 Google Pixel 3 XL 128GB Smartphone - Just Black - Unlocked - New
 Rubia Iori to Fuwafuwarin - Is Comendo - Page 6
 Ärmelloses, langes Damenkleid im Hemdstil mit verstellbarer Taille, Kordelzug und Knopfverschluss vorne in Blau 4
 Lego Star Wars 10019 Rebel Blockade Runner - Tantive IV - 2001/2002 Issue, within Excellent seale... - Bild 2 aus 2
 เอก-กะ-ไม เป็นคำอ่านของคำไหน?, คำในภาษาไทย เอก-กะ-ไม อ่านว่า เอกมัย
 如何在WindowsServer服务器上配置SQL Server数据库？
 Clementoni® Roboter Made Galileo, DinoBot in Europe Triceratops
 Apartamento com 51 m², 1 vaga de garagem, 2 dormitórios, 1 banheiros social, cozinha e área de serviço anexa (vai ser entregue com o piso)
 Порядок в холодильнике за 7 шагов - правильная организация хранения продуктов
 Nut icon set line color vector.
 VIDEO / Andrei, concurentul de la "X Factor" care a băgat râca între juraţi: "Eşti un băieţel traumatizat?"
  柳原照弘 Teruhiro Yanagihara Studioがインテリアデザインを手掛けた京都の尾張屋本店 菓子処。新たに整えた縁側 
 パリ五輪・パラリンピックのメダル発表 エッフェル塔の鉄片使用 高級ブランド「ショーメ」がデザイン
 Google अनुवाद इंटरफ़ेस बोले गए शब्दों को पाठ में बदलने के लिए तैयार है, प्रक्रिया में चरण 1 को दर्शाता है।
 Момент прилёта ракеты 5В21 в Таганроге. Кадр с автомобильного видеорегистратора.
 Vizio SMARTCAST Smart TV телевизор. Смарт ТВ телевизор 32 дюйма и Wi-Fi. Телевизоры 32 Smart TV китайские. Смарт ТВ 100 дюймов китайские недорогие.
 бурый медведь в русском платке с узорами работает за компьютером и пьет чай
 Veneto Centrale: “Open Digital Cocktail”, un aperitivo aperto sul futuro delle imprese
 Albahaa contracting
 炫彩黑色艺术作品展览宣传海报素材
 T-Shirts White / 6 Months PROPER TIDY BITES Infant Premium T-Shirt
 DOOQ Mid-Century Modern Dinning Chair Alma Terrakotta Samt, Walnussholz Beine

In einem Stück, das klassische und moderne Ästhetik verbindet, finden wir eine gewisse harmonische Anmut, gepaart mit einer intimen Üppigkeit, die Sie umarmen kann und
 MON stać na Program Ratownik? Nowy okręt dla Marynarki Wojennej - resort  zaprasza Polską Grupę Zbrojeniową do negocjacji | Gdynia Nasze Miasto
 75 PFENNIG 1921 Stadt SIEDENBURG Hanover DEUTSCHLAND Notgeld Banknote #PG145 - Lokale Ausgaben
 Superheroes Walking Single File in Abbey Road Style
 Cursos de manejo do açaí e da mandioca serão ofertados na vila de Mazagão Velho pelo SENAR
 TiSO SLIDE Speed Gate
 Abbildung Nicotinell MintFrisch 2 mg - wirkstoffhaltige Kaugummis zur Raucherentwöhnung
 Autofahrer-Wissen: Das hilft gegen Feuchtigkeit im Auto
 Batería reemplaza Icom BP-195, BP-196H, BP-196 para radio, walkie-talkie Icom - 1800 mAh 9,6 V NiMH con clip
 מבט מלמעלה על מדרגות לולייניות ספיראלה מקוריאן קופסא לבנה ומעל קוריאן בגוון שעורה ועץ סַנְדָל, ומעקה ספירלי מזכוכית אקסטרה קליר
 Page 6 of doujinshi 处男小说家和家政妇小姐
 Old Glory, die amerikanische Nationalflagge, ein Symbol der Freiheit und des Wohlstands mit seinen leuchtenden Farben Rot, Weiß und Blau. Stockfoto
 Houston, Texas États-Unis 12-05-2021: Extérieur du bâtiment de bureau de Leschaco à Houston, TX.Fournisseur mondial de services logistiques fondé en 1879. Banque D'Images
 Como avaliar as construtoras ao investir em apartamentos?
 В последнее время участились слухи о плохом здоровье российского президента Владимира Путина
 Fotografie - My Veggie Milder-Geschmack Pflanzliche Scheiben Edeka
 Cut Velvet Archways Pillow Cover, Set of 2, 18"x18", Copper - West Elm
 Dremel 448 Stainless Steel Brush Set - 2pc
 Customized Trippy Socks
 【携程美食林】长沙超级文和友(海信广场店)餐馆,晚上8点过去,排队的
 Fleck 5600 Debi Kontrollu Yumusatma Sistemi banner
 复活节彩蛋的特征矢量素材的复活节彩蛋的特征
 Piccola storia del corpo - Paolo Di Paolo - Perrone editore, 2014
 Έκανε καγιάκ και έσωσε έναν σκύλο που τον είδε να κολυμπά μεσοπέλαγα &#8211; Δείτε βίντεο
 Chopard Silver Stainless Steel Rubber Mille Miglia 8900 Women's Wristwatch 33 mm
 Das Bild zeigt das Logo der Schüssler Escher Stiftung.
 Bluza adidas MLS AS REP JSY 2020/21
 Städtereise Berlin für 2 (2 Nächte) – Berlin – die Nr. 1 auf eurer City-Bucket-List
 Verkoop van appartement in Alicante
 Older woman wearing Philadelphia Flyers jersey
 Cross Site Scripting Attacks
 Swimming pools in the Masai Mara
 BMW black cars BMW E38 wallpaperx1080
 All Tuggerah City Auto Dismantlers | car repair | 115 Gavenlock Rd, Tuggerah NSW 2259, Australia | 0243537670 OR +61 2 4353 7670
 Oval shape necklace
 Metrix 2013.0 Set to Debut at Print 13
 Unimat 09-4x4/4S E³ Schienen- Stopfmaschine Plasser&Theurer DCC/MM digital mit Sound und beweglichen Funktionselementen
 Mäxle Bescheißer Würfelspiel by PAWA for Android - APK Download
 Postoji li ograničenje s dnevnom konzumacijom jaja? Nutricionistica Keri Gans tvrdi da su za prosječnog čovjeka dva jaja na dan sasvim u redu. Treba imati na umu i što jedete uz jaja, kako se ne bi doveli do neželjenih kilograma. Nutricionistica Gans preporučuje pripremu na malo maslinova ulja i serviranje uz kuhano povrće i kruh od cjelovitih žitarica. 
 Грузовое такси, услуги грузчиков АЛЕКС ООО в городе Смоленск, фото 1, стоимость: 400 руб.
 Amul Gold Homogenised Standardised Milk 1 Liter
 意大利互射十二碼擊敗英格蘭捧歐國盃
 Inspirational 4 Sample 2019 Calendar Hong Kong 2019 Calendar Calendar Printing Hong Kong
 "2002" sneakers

* Task prompt: Give again exactly, and only, the lines above starting at the one with "Google अनुवाद इंटरफ़ेस" and ending at the one with "Vizio SMARTCAST Smart".

* Answer section:
 Google अनुवाद इंटरफ़ेस बोले गए शब्दों को पाठ में बदलने के लिए तैयार है, प्रक्रिया में चरण 1 को दर्शाता है।
 Момент прилёта ракеты 5В21 в Таганроге. Кадр с автомобильного видеорегистратора.
 Vizio SMARTCAST Smart TV телевизор. Смарт ТВ телевизор 32 дюйма и Wi-Fi. Телевизоры 32 Smart TV китайские. Смарт ТВ 100 дюймов китайские недорогие.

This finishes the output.